1-(3,4-Dimethoxyphenyl)-3-(4-methoxyphenyl)-3-(1H-1,2,4-trizaol-1-yl)propan-1-one (2). A mixture of chalcone 1 (0.5 mmol, 150 mg), 1H-1,2,4-triazole (0.5 mmol, 35 mg), and bcmim-Cl (0.05 mmol, 11 mg) was heated at 80 °C for 24 h. After reaction time, ethyl acetate (4 mL) was added and filtered through a pad of celite to remove the catalyst. The product was purified through recrystallization (EtOAc), giving a white solid (37% yield). M.p. = 174–175 °C); ν = 3116 (arC-H), 1666 (C=O), 1585, 1511, 1257 (arC-C), 1126, 1014, 817(arC-H)) cm⁻¹; ¹H-NMR (300 MHz, CDCl₃) δ_H = 8,18 (s, 1H, ArH), 7.92 (s, 1H, ArH), 7.62 (dd, J = 8.3, 1.9 Hz, 1H, ArH), 7.47 (d, J = 1.9 Hz, 1H, ArH), 7.39–7.34 (m, 2H, ArH), 6.91–6.87 (m, 3H, ArH), 6.14 (dd, J = 8.5, 5.1 Hz, 1H, COCH₂), 4.33 (dd, J = 17.5, 8.5 Hz, 1H, COCH₂), 3.94 (s, 3H, CH₃), 3.91 (s, 3H, CH₃), 3.79 (s, 3H, CH₃), 3.61 (dd, J = 17.5, 5.1 Hz, 1H, ArCHN) ppm; ¹³C-NMR (101 MHz, CDCl₃) δ_C = 194.4 (C=O), 159.7 (ArC-OMe), 153.7 (ArC-OMe), 151.7 (NCN), 149.1 (ArC-OMe), 143.8 (NCN), 130.7 (ArC), 130.1 (ArC), 129.4 (ArCH), 128.3 (2C, ArCH), 122.9 (ArCH), 114.3 (2C, ArCH), 110.0 (ArCH), 58.8 (CH₂CH), 56.1 (OCH₃), 55.9 (OCH₃), 55.3 (OCH₃), 43.2 (CH₂) ppm; MS (EI, 60 eV) m/z: 368 [M⁺ + 1] (11%), 367 [M⁺] (44), 299 (22), 298 (100), 297 (23), 283 (3), 267 (47), 202 (67), 188 (21), 175 (25), 165 (63), 134 (38), 133 (97); elemental analysis: calcd. for C₂₀H₂₁N₃O₄, C 65.38, H 5.76, N 11.44%, found, C 64.90, H 5.90, N 11.16%.

4. Conclusions

To conclude, the efficiency of an ionic organic solid as a heterogeneous catalyst promotes the addition of N-heterocycles (such as 1H-1,2,4-triazole) to chalcones in the absence of any solvent or any additive.
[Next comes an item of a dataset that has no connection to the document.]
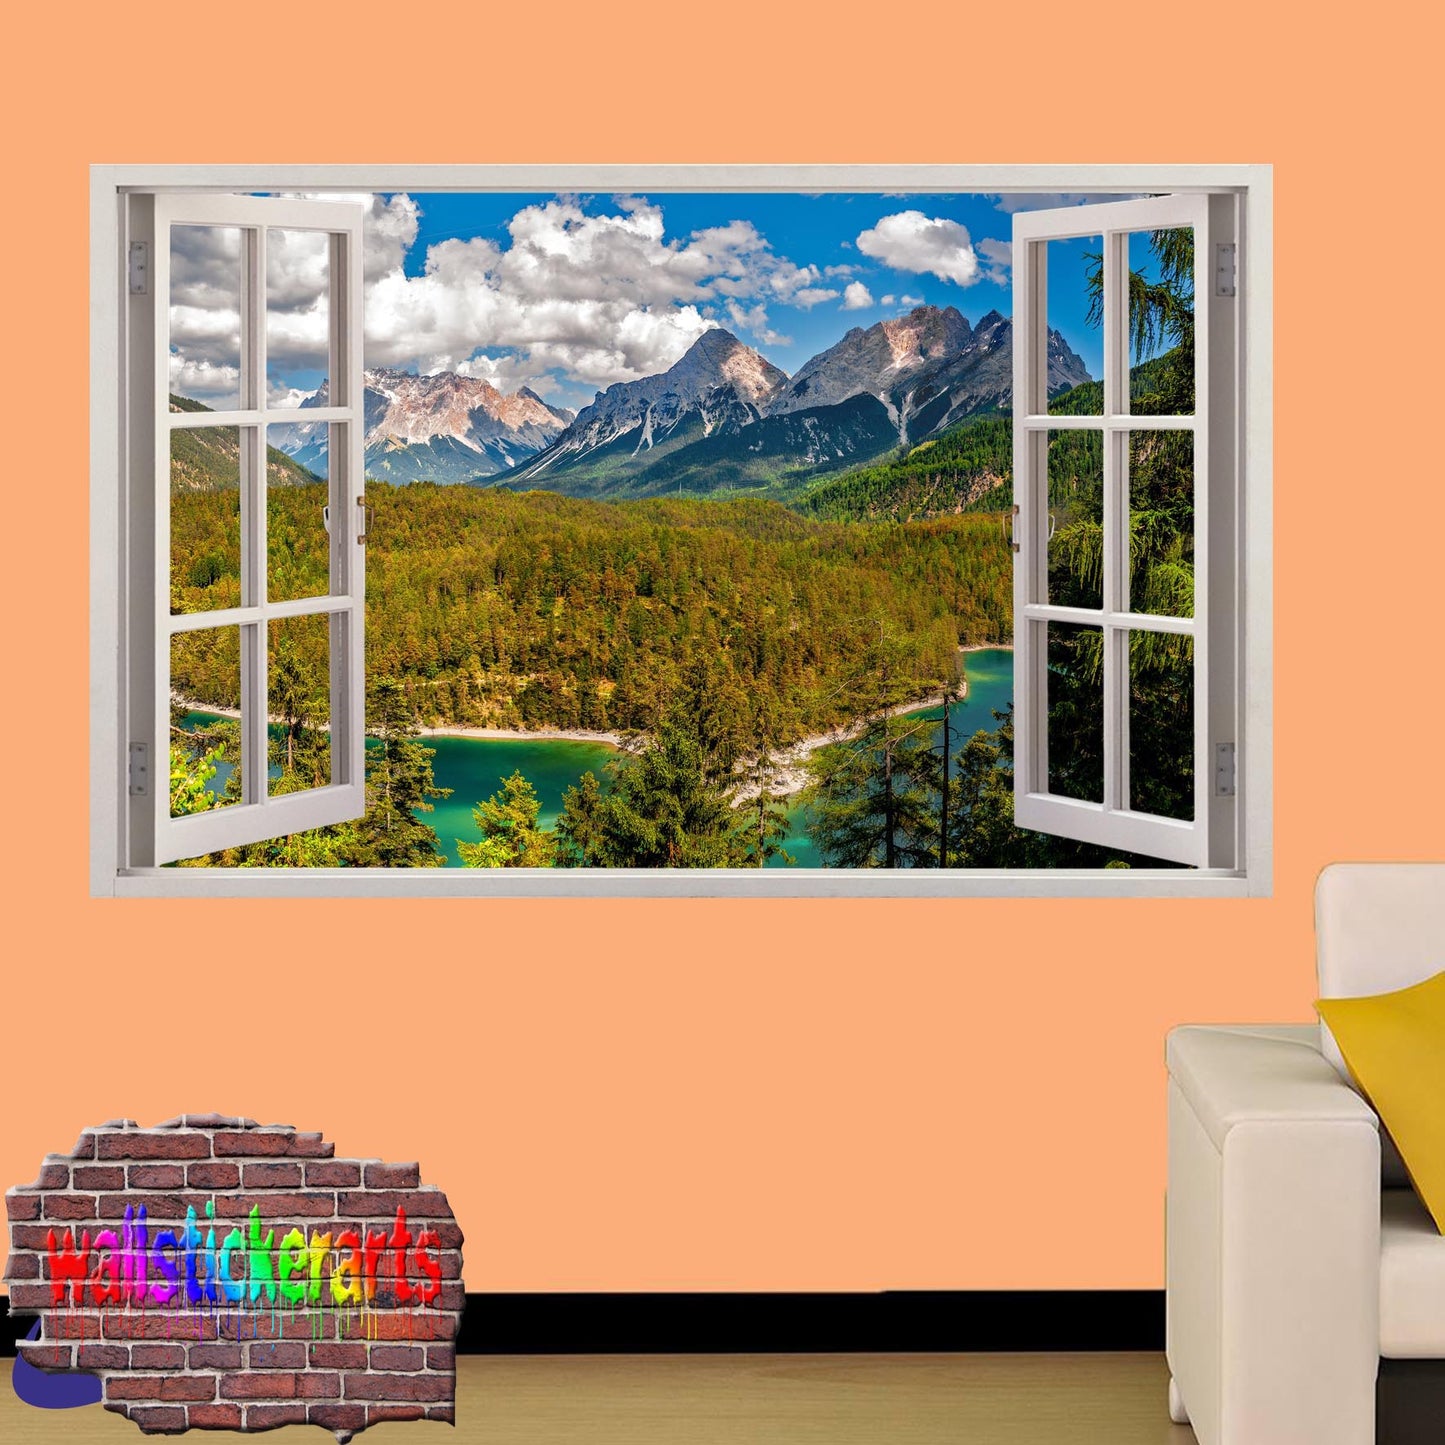 River Lake Mountains 3d Window Wall Sticker Room Decor Decal Mural YA1
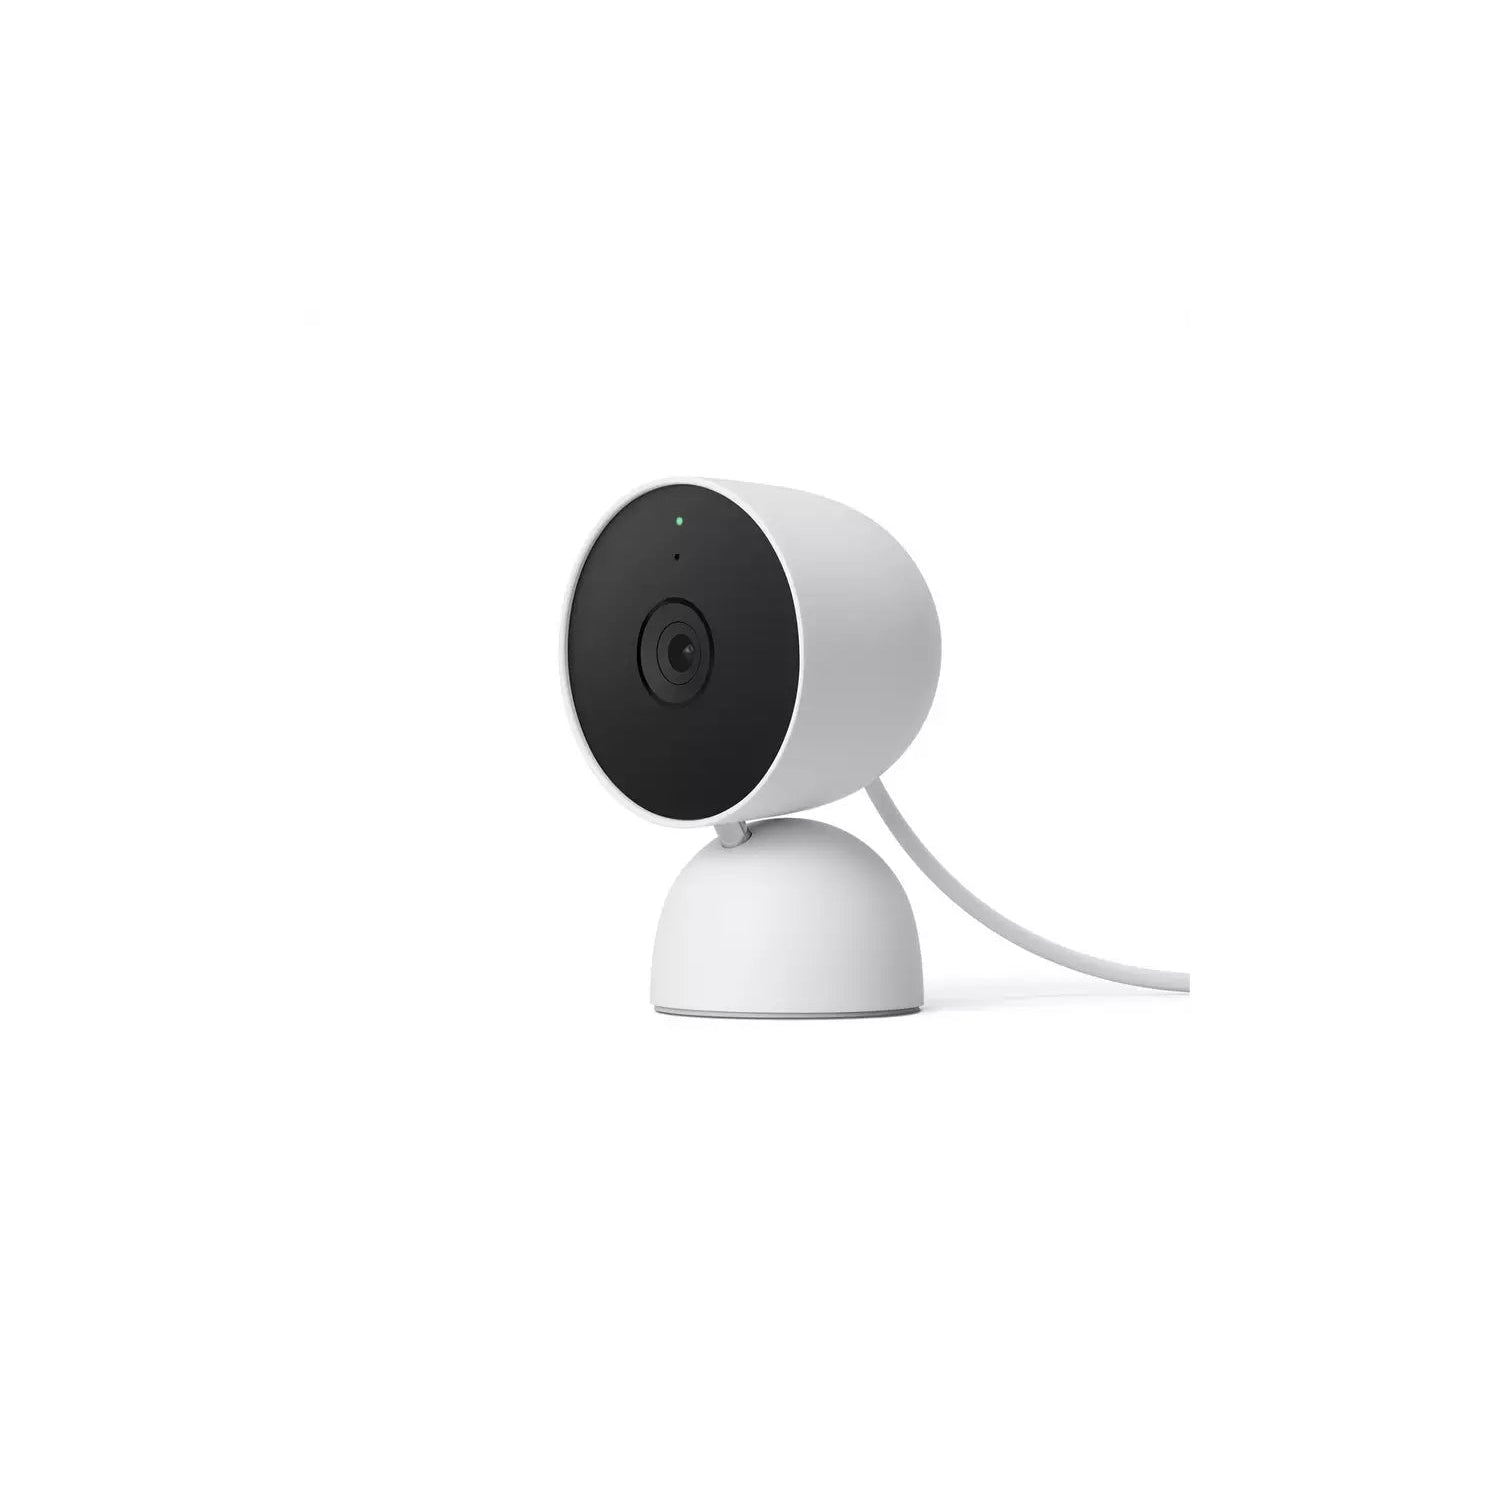 Google Nest Cam Indoor Security Camera Full HD 1080p - White - Refurbished Excellent

The protocol has been applied to the preparation of 1-(3,4-dimethoxyphenyl)-3-(4-methoxyphenyl)-3-(1H-1,2,4-triazol-1-yl)propan-1-one, being a compound with potential bioactivity since it is related t herbicide, fungicide, and bactericide products. The synthesis proposed contains the preparation of a chalcone by a methodology with good to excellent green metrics, and the subsequent conjugated addition of 1,2,4-triazole presents fair values of green metrics, despite the moderate yield.